1. Quelles sont les principales qualités requises pour intégrer l’équipe médicale ?
L’équipe médicale est composée de quatre personnes [qui changent à chaque mission] : un.e médecin, un.e infirmièr.e, un.e sage-femme et un.e cheffe d’équipe. La sage-femme à bord fournit des soins gynécologiques et obstétriques généraux, y compris les soins périnataux. Elle est le point de contact pour tous les cas nécessitant une intervention en cas de violence sexuelle, une situation beaucoup trop fréquente sur la route de la Méditerranée centrale. Le médecin et l’infirmière gèrent ensemble les urgences médicales et les soins primaires. Pour sa part, la cheffe de l’équipe médicale est responsable de la mise en œuvre des protocoles de soins et de la formation de tout l’équipage aux activités médicales à bord d’un navire de recherche et de sauvetage et aux techniques de base en réanimation. Au quotidien, elle assure la liaison avec les équipes de coordination à bord et à terre afin de garantir un niveau élevé et constant de soins médicaux pour les personnes rescapées et le personnel, le cas échéant.
Nous sommes une petite équipe et nous essayons donc de travailler en collaboration et de nous soutenir mutuellement. Cela signifie parfois de travailler en-dehors de notre rôle clinique ou professionnel habituel et cette flexibilité est essentielle. En outre, vous devez avoir une solide expérience clinique et être à l’aise pour travailler de manière indépendante dans le domaine des soins primaires et des soins d’urgence. Une expérience dans des environnements humanitaires et à faibles ressources est un atout indéniable. Plus important encore, vous devez être une personne empathique, capable de soutenir les personnes rescapées que nous avons à bord et d’apporter des soins psychologiques et physiques essentiels à des femmes, des hommes et des enfants qui, pendant si longtemps, n’ont pas été pris.es en charge.

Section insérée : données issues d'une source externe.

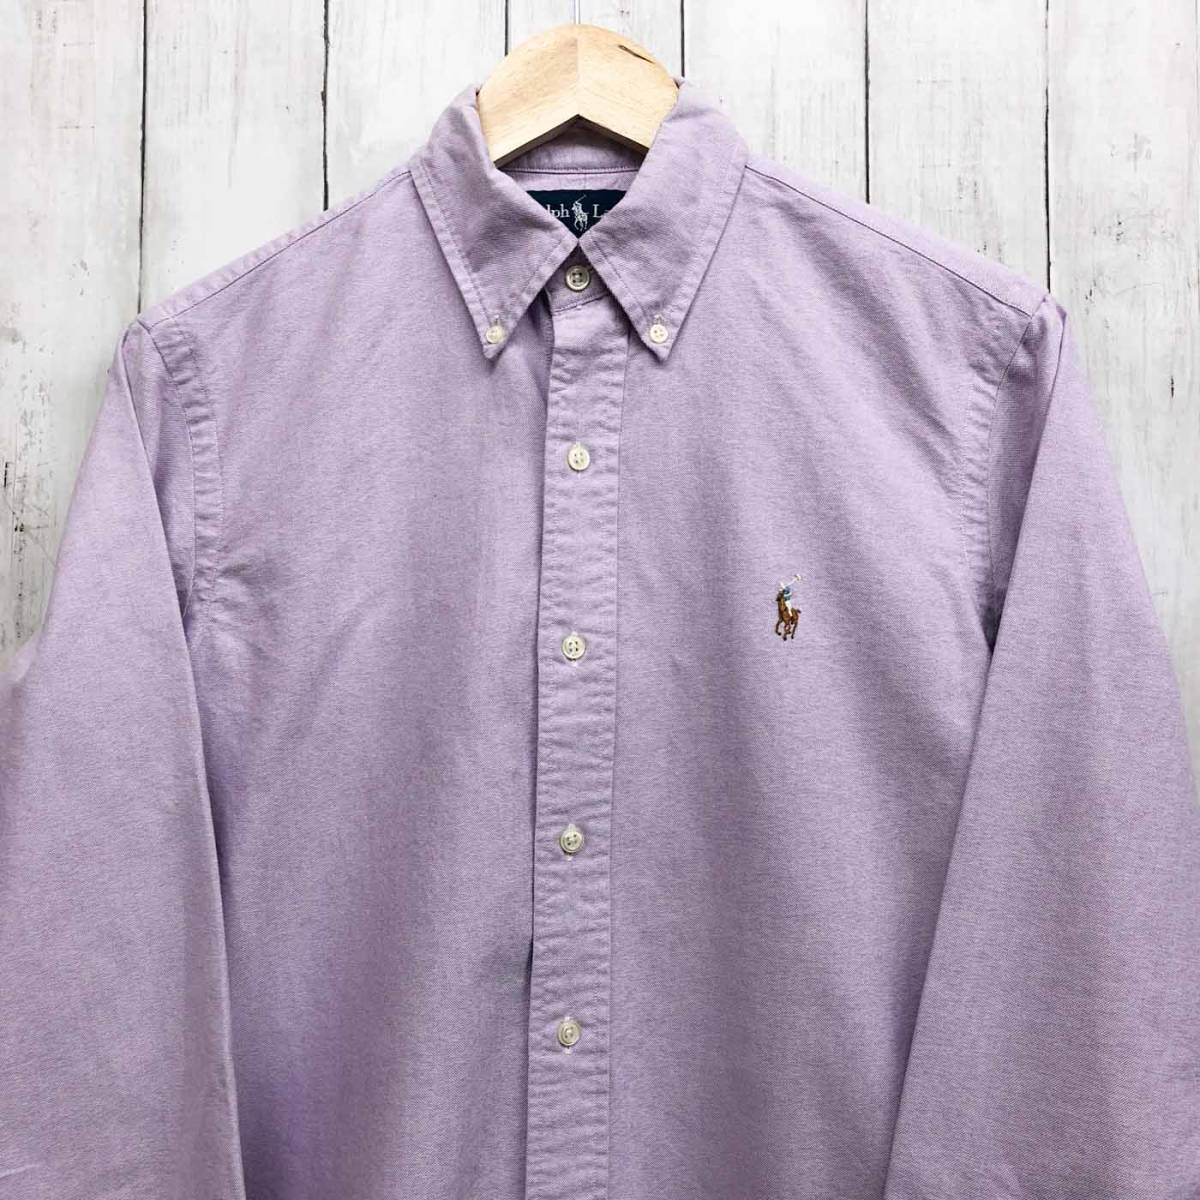 ラルフローレン POLO Ralph Lauren Polo 長袖シャツ メンズ ワンポイント Sサイズ 7-60_画像1
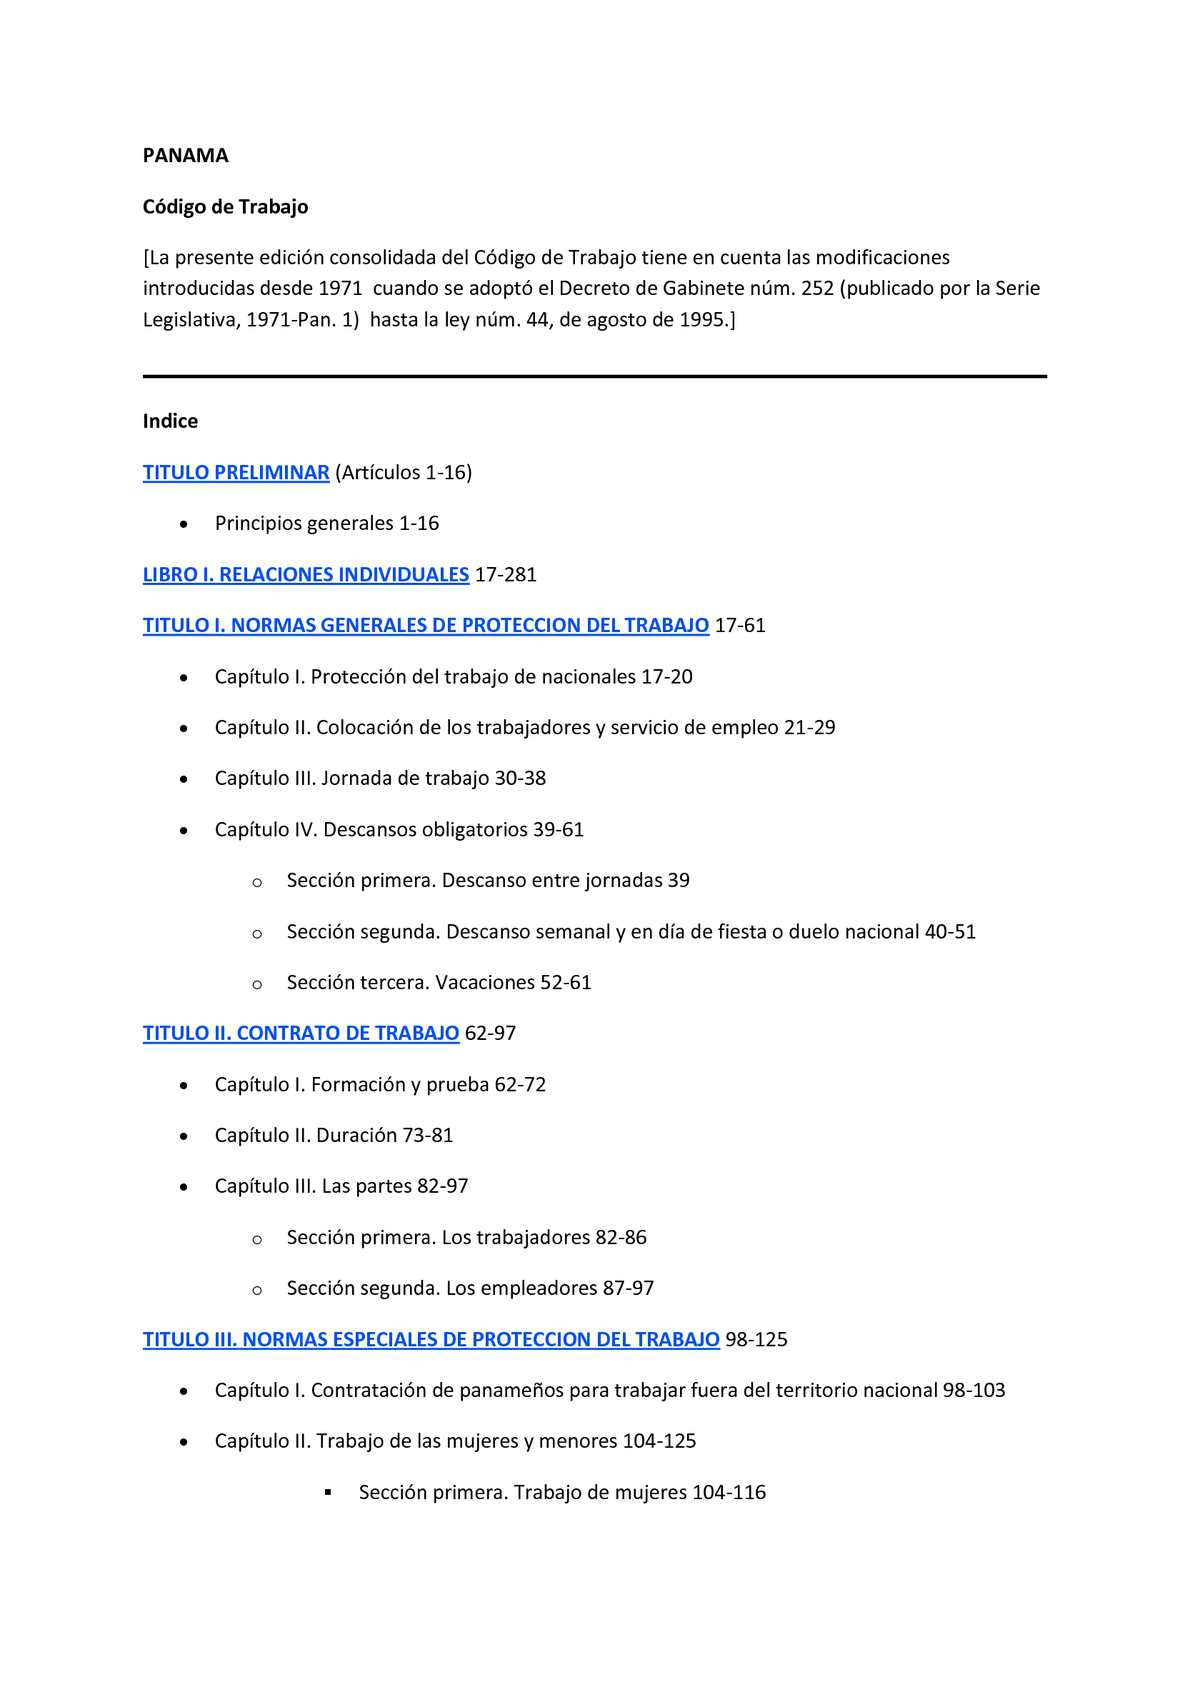 Calaméo - el código laboral panameño

2. Quels sont les aspects les plus exigeants de votre mission ?
Sur le plan professionnel, le travail est difficile en raison de sa nature changeante – la diversité des pathologies rencontrées est infinie et englobe les maladies chroniques débilitantes, les handicaps, les maladies tropicales, les traumatismes et les soins de santé primaires. Le développement de mes connaissances cliniques a été essentiel et j’en apprends davantage à chaque patrouille.
La partie la plus difficile de mon travail, cependant, est de regarder droit dans les yeux la profondeur de la souffrance humaine de mes patient.e.s. Physiquement, bien sûr, c’est un travail exigeant car la mer peut être implacable. Mais voir et entendre les récits de ces gens qui ont survécu aux pires atrocités va bien au-delà des défis physiques. Il serait facile de perdre espoir face au monde qui nous entoure, mais les personnes que nous secourons font preuve d’une telle force, impossible à décrire, que cela me motive à continuer à aider les autres.
3. Comment se passe une opération typique pour l’équipe médicale à bord ?
Lorsque retentit l’appel radio « Préparez-vous au sauvetage », l’équipe médicale revêt son équipement et amène le matériel médical d’urgence nécessaire sur le pont principal de l’Ocean Viking. Nos collègues sur les canots de sauvetage nous informent en temps réel, par radio, afin que nous puissions nous préparer en conséquence : nombre de personnes rescapées, état de santé, présence de femmes et d’enfants, détérioration de la situation susceptible d’entraîner le déclenchement d’un plan d’évacuation, etc.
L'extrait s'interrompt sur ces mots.